Thursday, October 22, 2015

Adjunct

Outstanding Adjunct Faculty – Who? You!
I think each and every one of you deserve the title, because you are outstanding. You do a job that offers very little in worldly rewards. It doesn’t pay well, it doesn’t provide you with benefits, and it has no job security whatsoever.
Don’t misunderstand. There are blessings. I’m the first to say that I love my job. I love my students. I love what we do together. That said, there are lots of things I could do without.
Little things even. I don’t know why my parking permit has to loudly proclaim my lame status as an adjunct. What difference does it make? We’re not given lesser parking privileges. We’re not expected to park in some adjunct faculty lot. Although neither of these possibilities are true, I wouldn’t be surprised if they were, but as they aren’t – What difference does it make?
For me, the hardest part to swallow is the lack of job security along with the idea that somehow that’s my fault. If my class retention is poor, it must be something I’m doing. Where is the logic in that? In my department, we expect our students to attend class four nights a week for 16 weeks. Ain’t any other department with those kind of expectations. I mean, seriously. Would you study Japanese four nights a week for four months? Would you do anything four nights a week for four months?

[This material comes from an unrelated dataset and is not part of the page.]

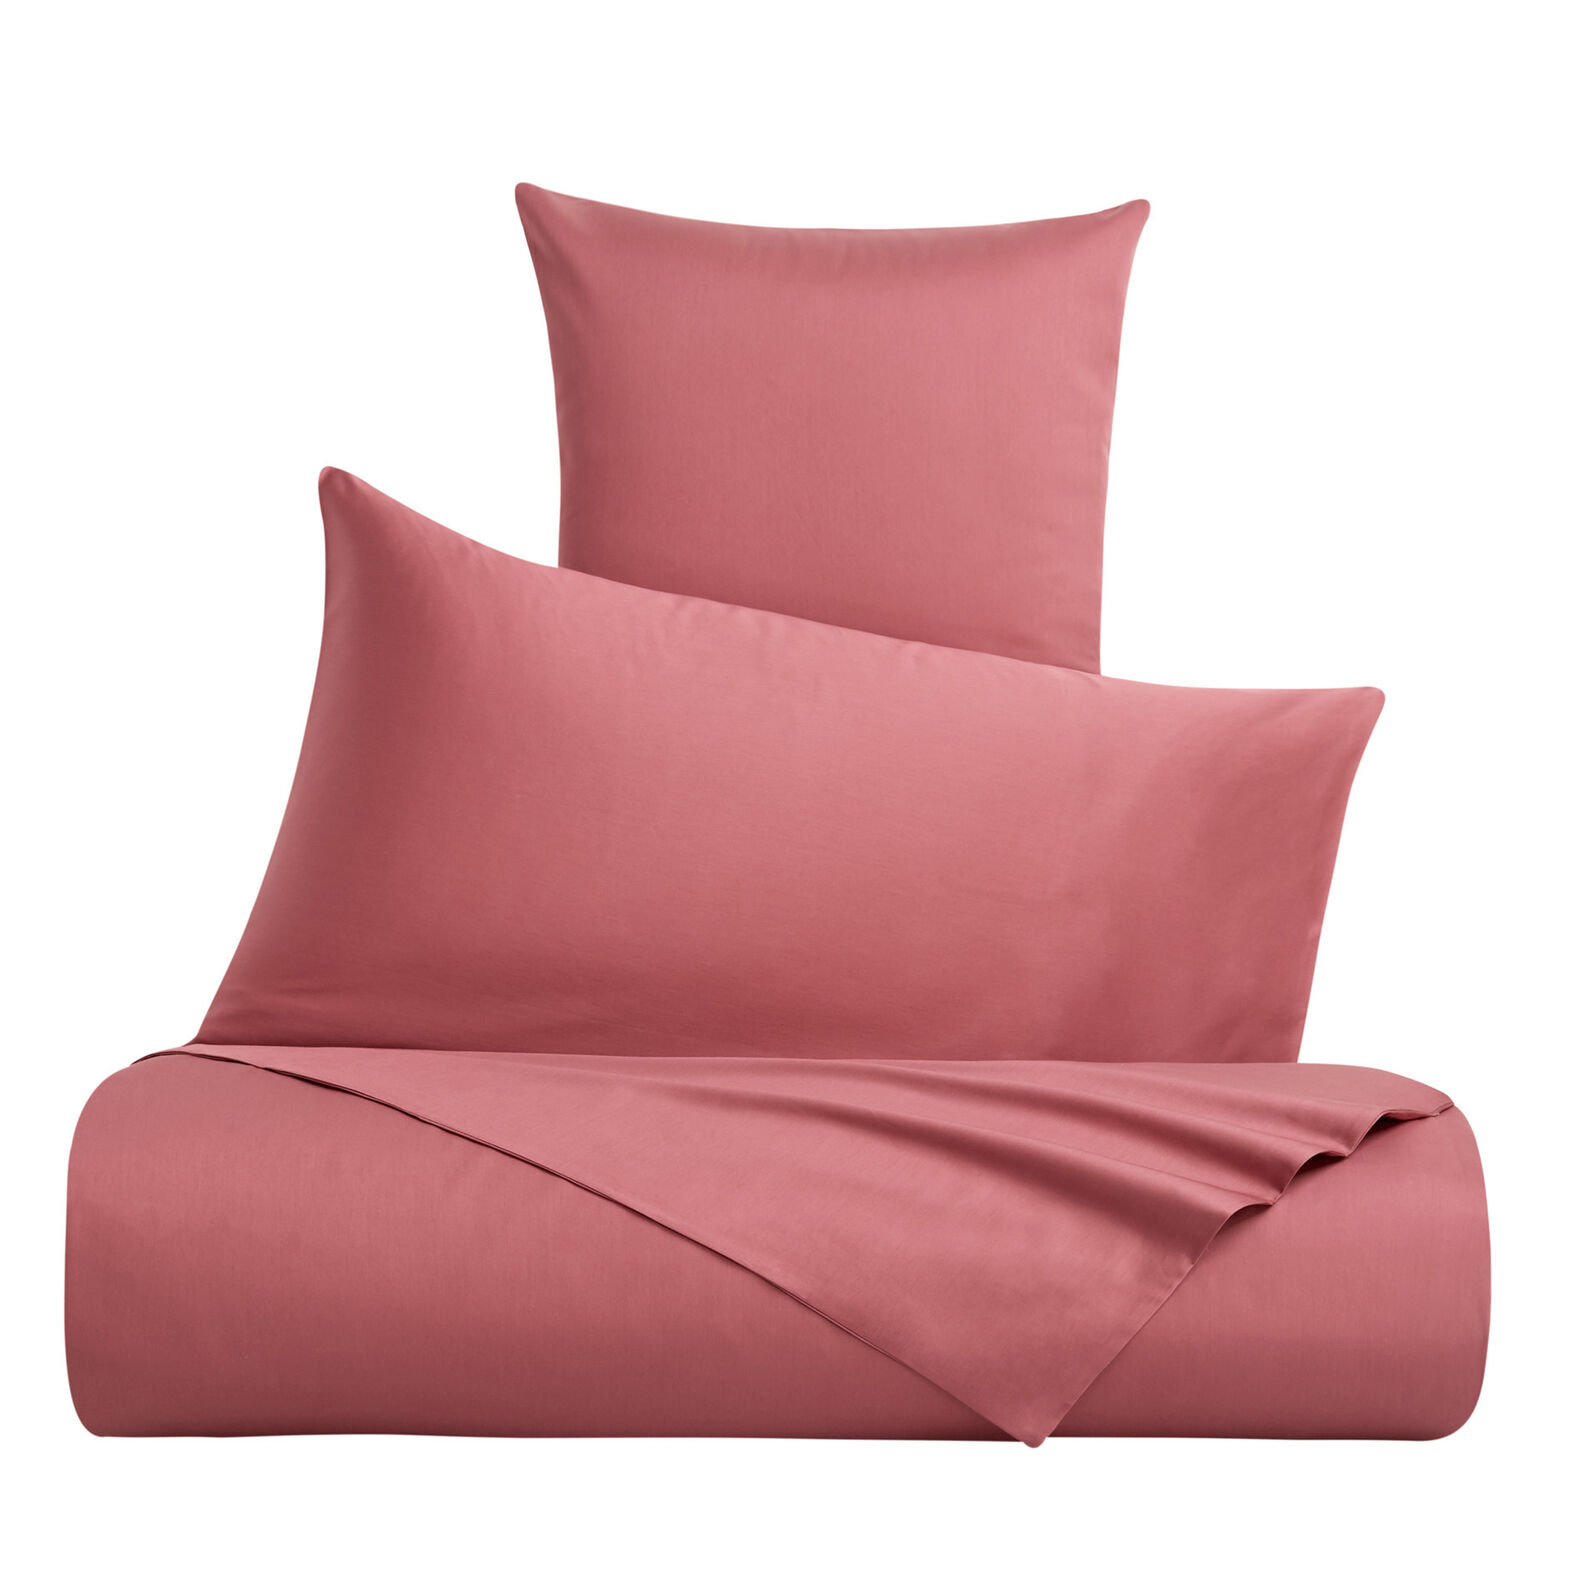 Zefiro pure cotton satin bed parure
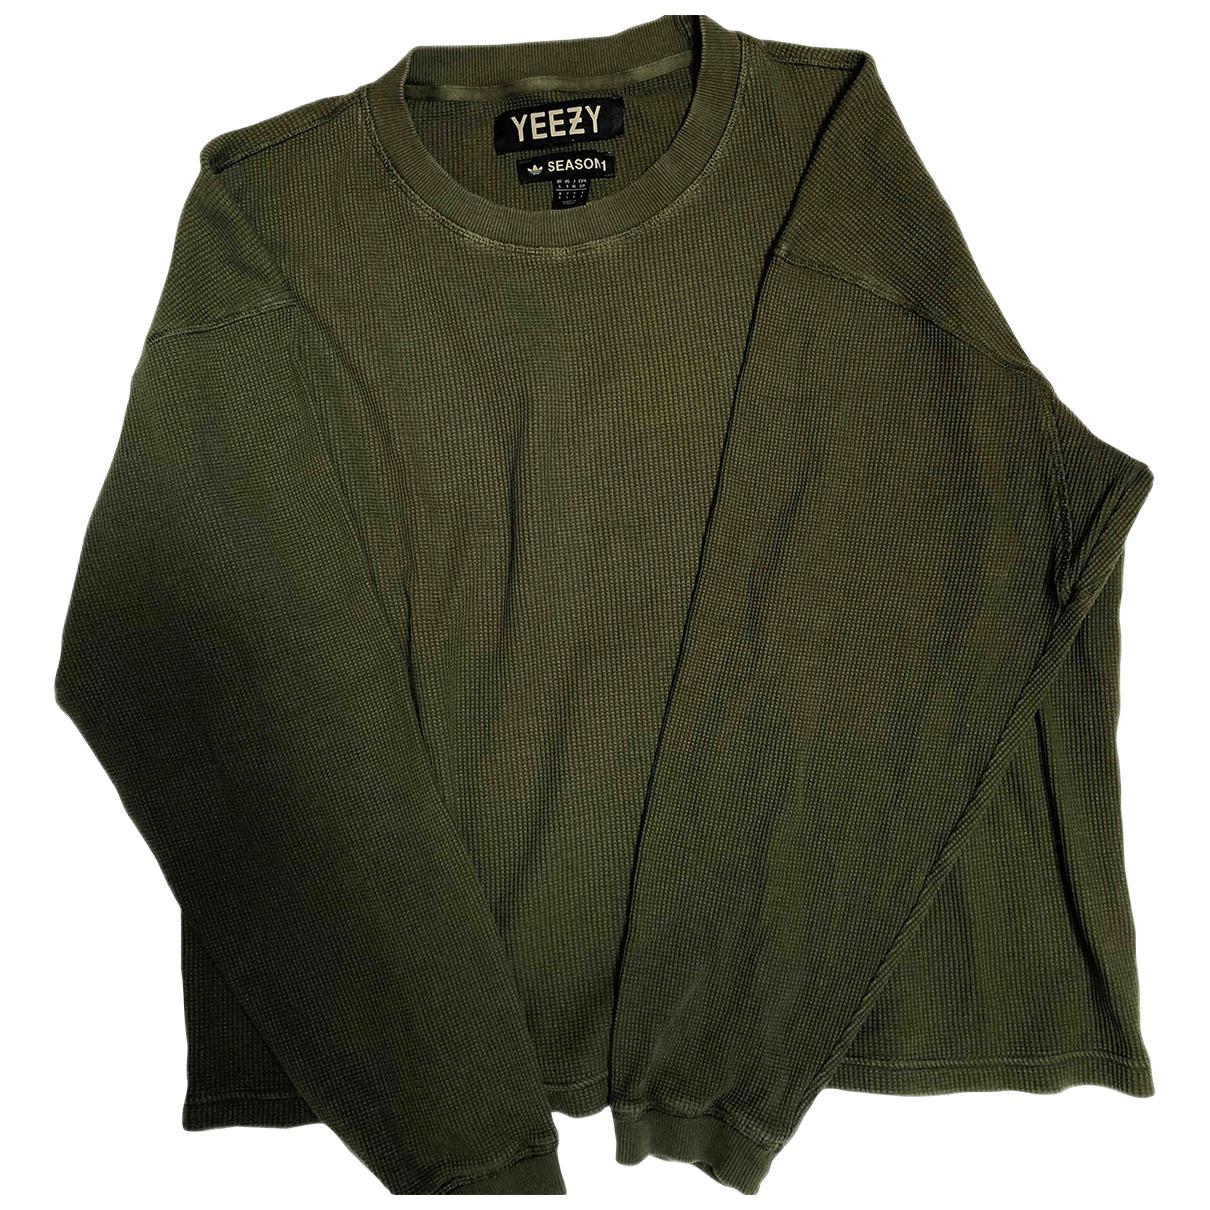 Yeezy X Adidas - Tee shirts   pour homme en coton - vert

The deepest sadness of being part-time, for me, is the lack of camaraderie. Early on in my career, I had visions of sitting around a hot cup of tea discussing my trouble explaining the ToBe verb or cradling a warm mug of hot chocolate while commiserating with my colleagues about the lack of time my students have. But there is no time nor place for that.
Of course I mind the denigration as much as the next fellow. The sense, the feeling, the weight of being less than, not as good as, not up to it. The unspoken differences. The unwritten rules. The unuttered nuances. Like the elephant in the living room, they are there and we all dance around them.
Shortly after getting my MA, I read an article in the LA Times about and by a woman who’d been working as a part-time instructor for 15 years. Having just come from the business environment where working generally meant in a real full time job with adequate pay and reasonable benefits, I was clueless. I read the article and thought, what an idiot. Now as I celebrate my 20th year at Palomar, I sometimes think the same thing.